When I joined TBD I was at the lowest point in my life. I had been crying and crying missing Joe terribly. I remember getting on myspace...and there popped up the TBD site. I think in a way God was trying to help me find people that could relate or just some who had never walked in our shoes but were there to offer a friendship or to let me know they cared. I met some wonderful people there. I won't lie...met some jerks too (not personnally either - but did have the honor of meeting a few face to face great people). I was sinking and they were there.
I have read some of the most wonderful stories of some people meeting other people on the site and ended up with them in real life....I guess one of the things I have no clue on is how to start over.....
I have co-workers who say, "go out with him and just get a free meal"....k...that isn't me. I can't misslead someone to get a "free meal". I like to get to know them. It either clicks or doesn't. I can't play games.....and I don't want someone that thinks because I'm a widow I need to be rescued. Hello...I pay my bills and do just fine.

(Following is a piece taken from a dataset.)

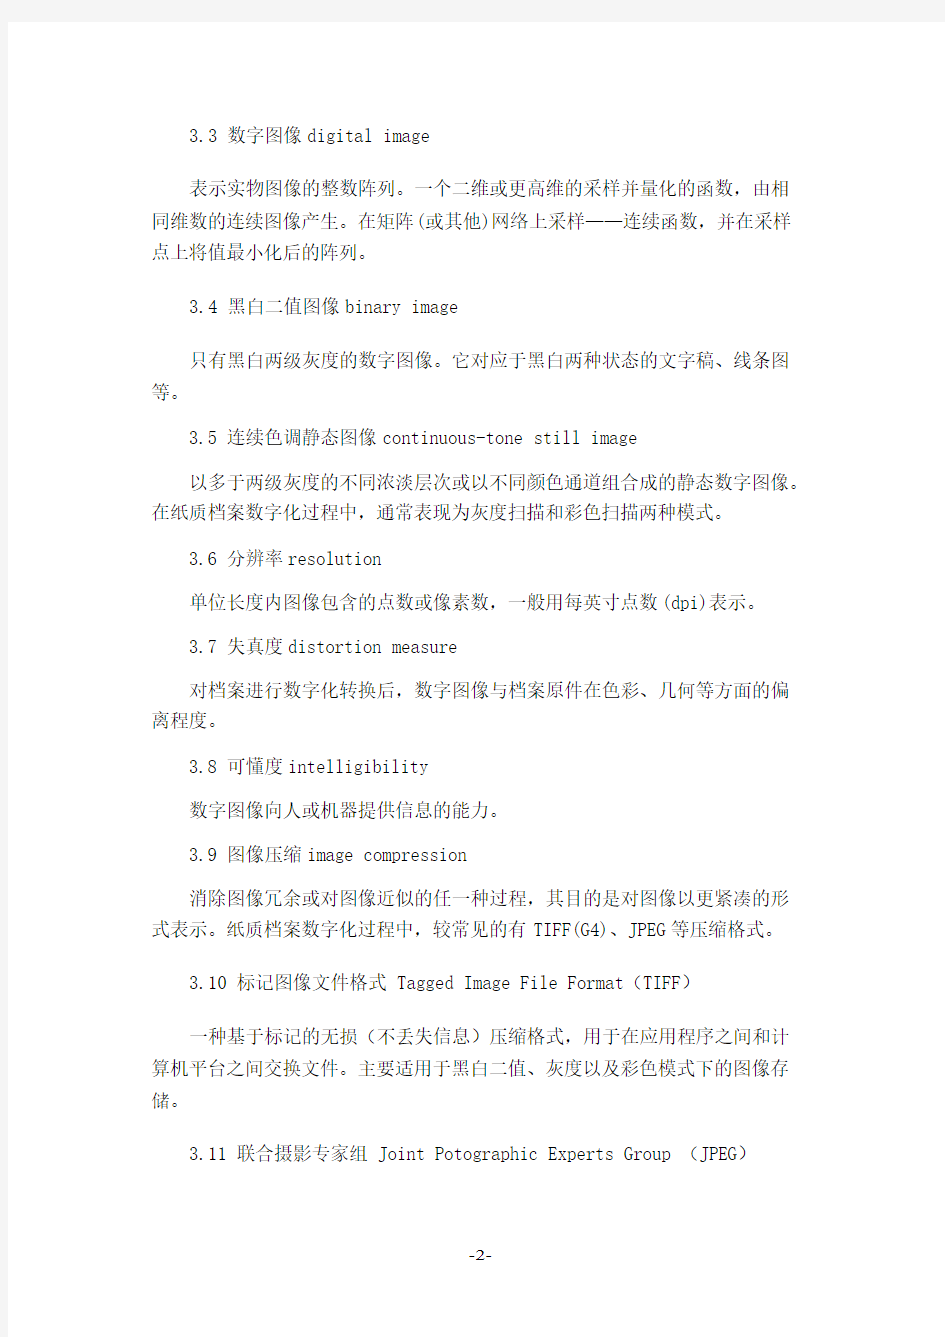 南京中医药大学档案馆纸质档案数字化技术规范
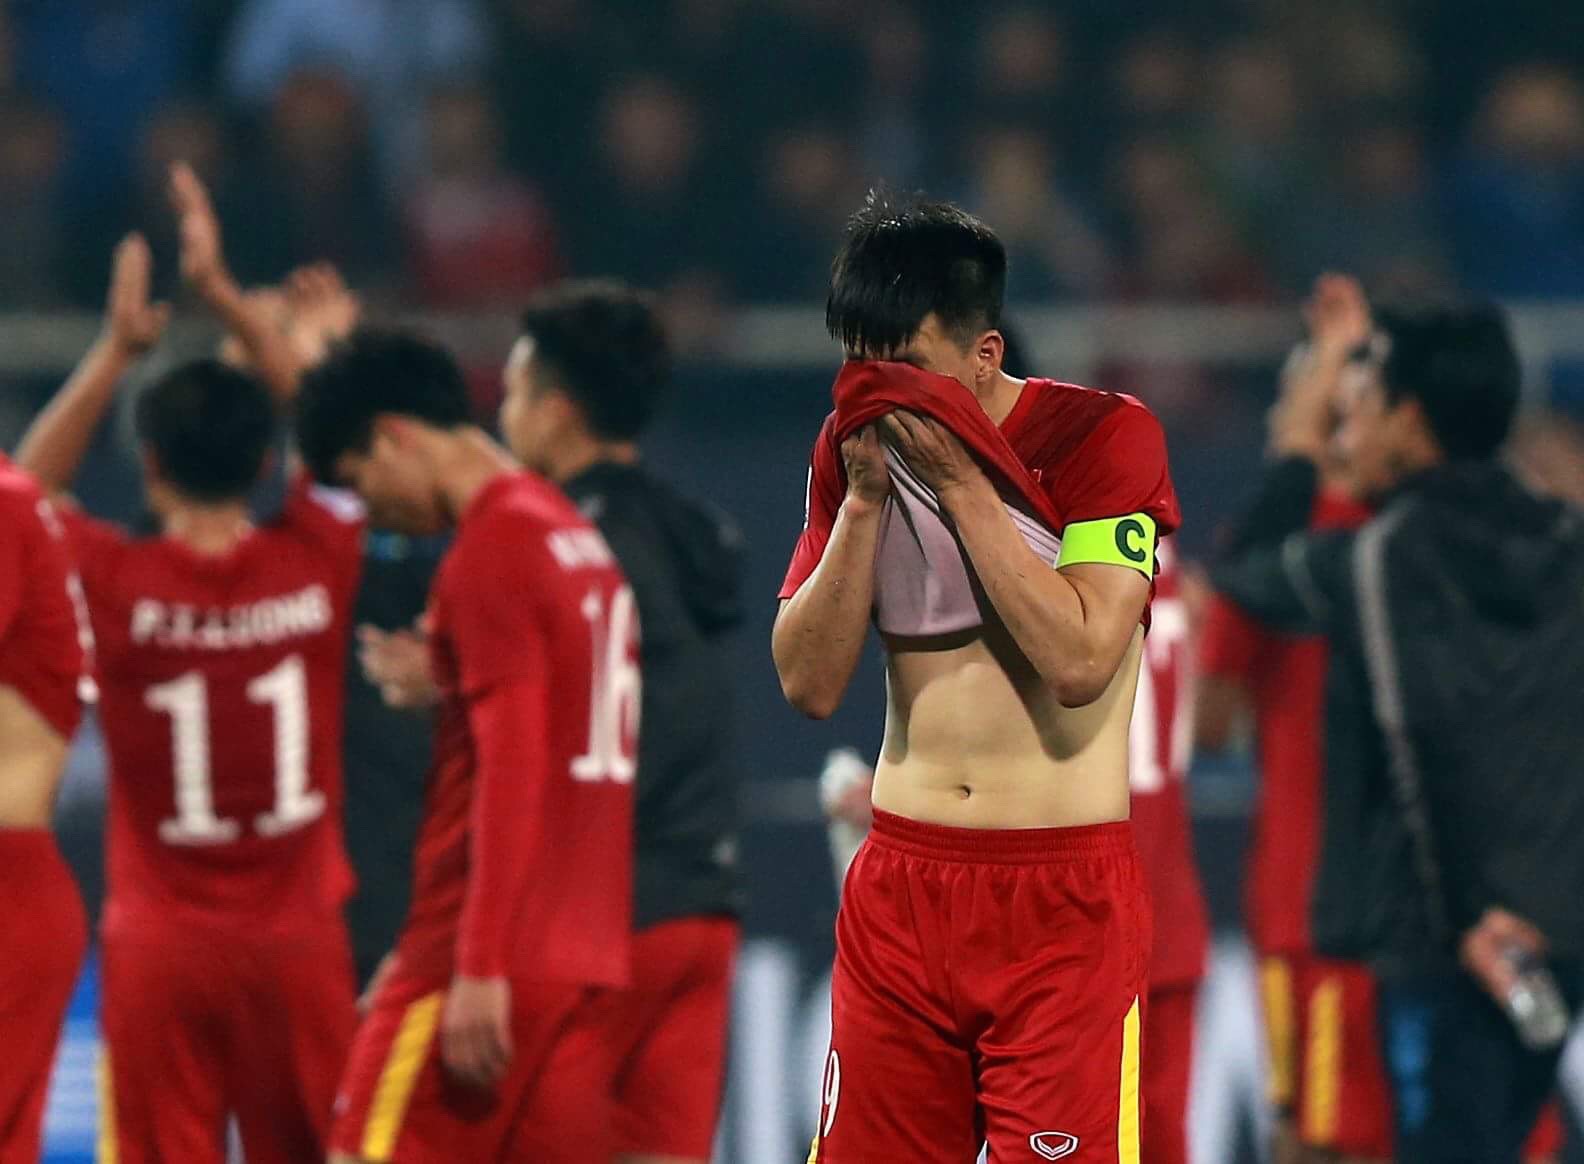 Ngọc Hải đã phải chịu trách nhiệm cho những sai lầm trong trận đấu với Thái Lan khiến ĐT Việt Nam thua. Hãy xem hình ảnh những cầu thủ Việt Nam trải qua những giây phút khóc nghẹn sau trận đấu, bên cạnh Công Vinh và Thành Lương.

What I do want is someone to share my life with. Someone that makes me happy and makes me laugh. Someone that is severly nervous when they talk on the phone and rattles ninety to nothing. Someone who loves to stay home and watch a movie, or just go walk in a park. Someone that we can go eat Mexican food or sit on the floor and eat pizza with my kids. I just want to find my bestfriend again and start the next chapter with, while not being made to regret the last chapter.